11beta-Hydroxylase-Defekt:

für 5 % der adrenogenitalen Syndrome verantwortlich. Durch den Enzymdefekt wird die Kortisolsynthese verhindert, es entsteht exzessiv 11-Desoxycorticosteron und 11-Desoxycortisol neben erhöhten adrenalen Androgenen wie Androstendion oder Dehydroepiandrosteron. Klinisch steht neben der Virilisierung die Entstehung eines Hypertonus (durch 11-Desoxycortisol) im Vordergrund.

Seltene Enzymdefekte des adrenogenitalen Syndroms:

Defekte der 3beta-Hydroxysteroid Dehydrogenase, 17alpha-Hydroxylase, StAR-Mangel: werden in den folgenden Kapitel abgehandelt.

Testikuläre adrenale Resttumoren (TART):

Versprengte Nebennierenzellen im Hoden proliferieren unter Einfluss von ACTH, insbesondere bei schlechter medikamentöser Einstellung. Es enstehen Infertilität (bis zur Azoospermie) und tastbare Hodentumoren, welche jedoch benigne sind. Eine supranormale Subtitution mit Kortison führt zur einer deutlichen Rückbildung der testikulären adrenalen Resttumoren. Der Tastbefund und die Sonographie kann TART nicht von Keimzelltumoren unterscheiden, wegweisend ist der bilaterale Befund und das Ansprechen auf Kortison. Im Zweifel sollte eine Tumorenukleation mit Erhalt von gesundem Hodengewebe angestrebt werden. Für die Fertilität von betroffenen Männern ist eine korrekte Hormoneinstellung essentiell.

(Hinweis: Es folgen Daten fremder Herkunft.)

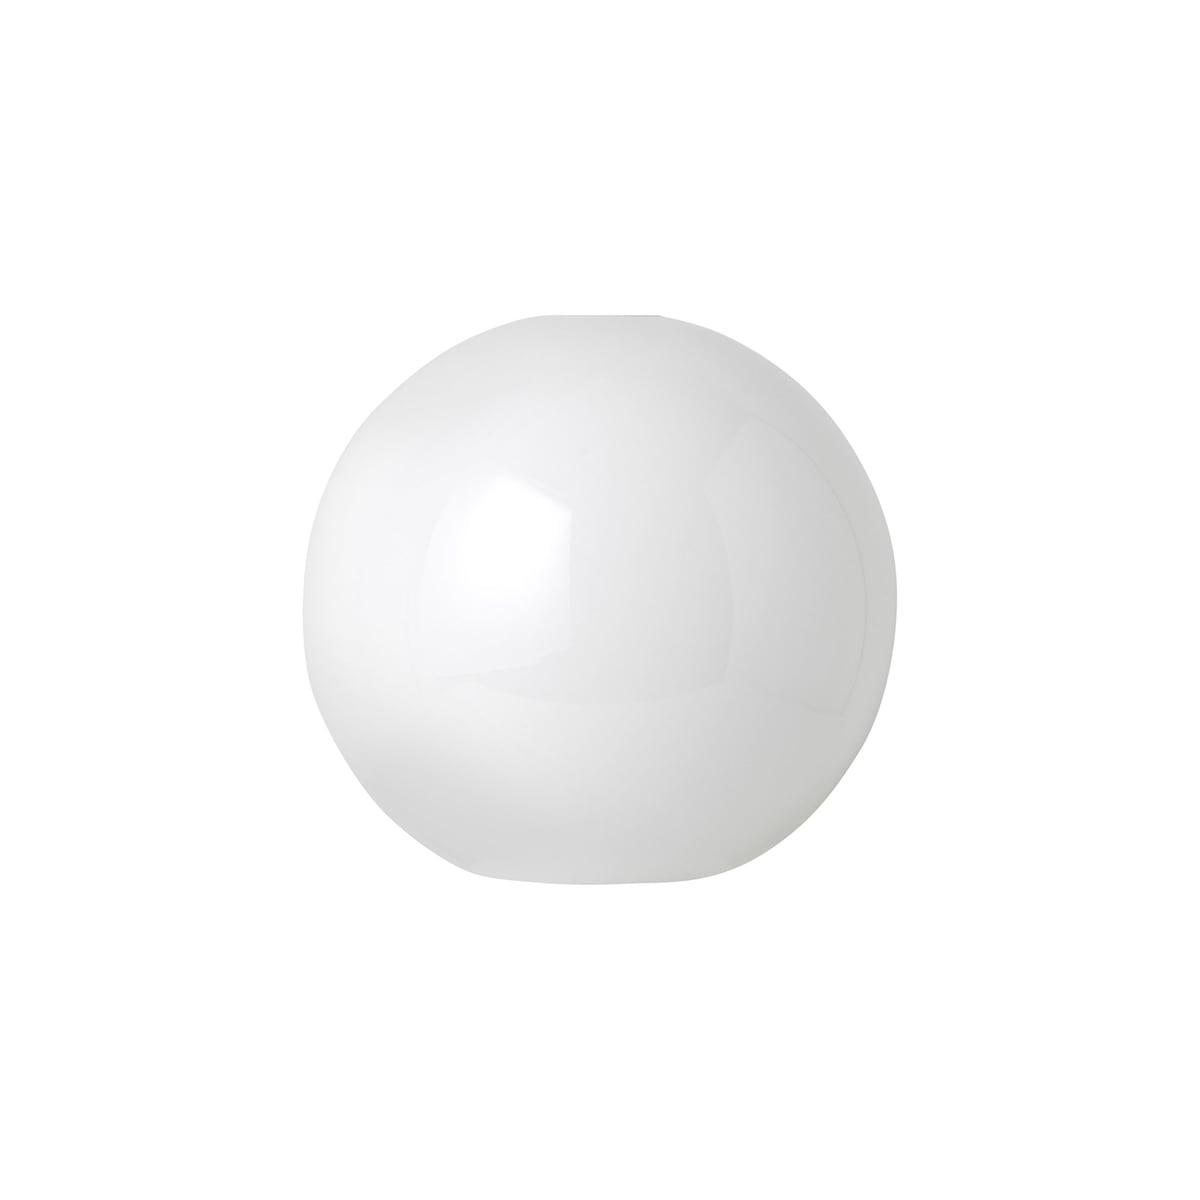 ferm Living - Opal Shade Lampenschirm, Sphere   Lampen > Lampenschirme und Füsse > Lampenschirme   Opalweiß   Opalglas   ferm living

Therapie des adrenogenitalen Syndroms

Die Akuttherapie des adrenogenitalen Syndroms mit Addison-Krise beinhaltet Kortisongaben sowie Flüssigkeits- und Elektrolytsubstitution. Im weiteren Verlauf ist die lebenslange Substitution von Kortison und Fludrokortison notwendig. Die Dosierung hängt von den Hormonkonzentrationen wie Testosteron, den Elektrolyten, dem Blutdruck, dem Wohlbefinden und Wachstum des Patienten und Zeichen der Virilisierung ab.

Bei ausgeprägter Maskulinisierung sollten vor dem Ende des ersten Lebensjahres Korrekturoperationen wie z. B. eine Reduktion der Klitoris durchgeführt werden.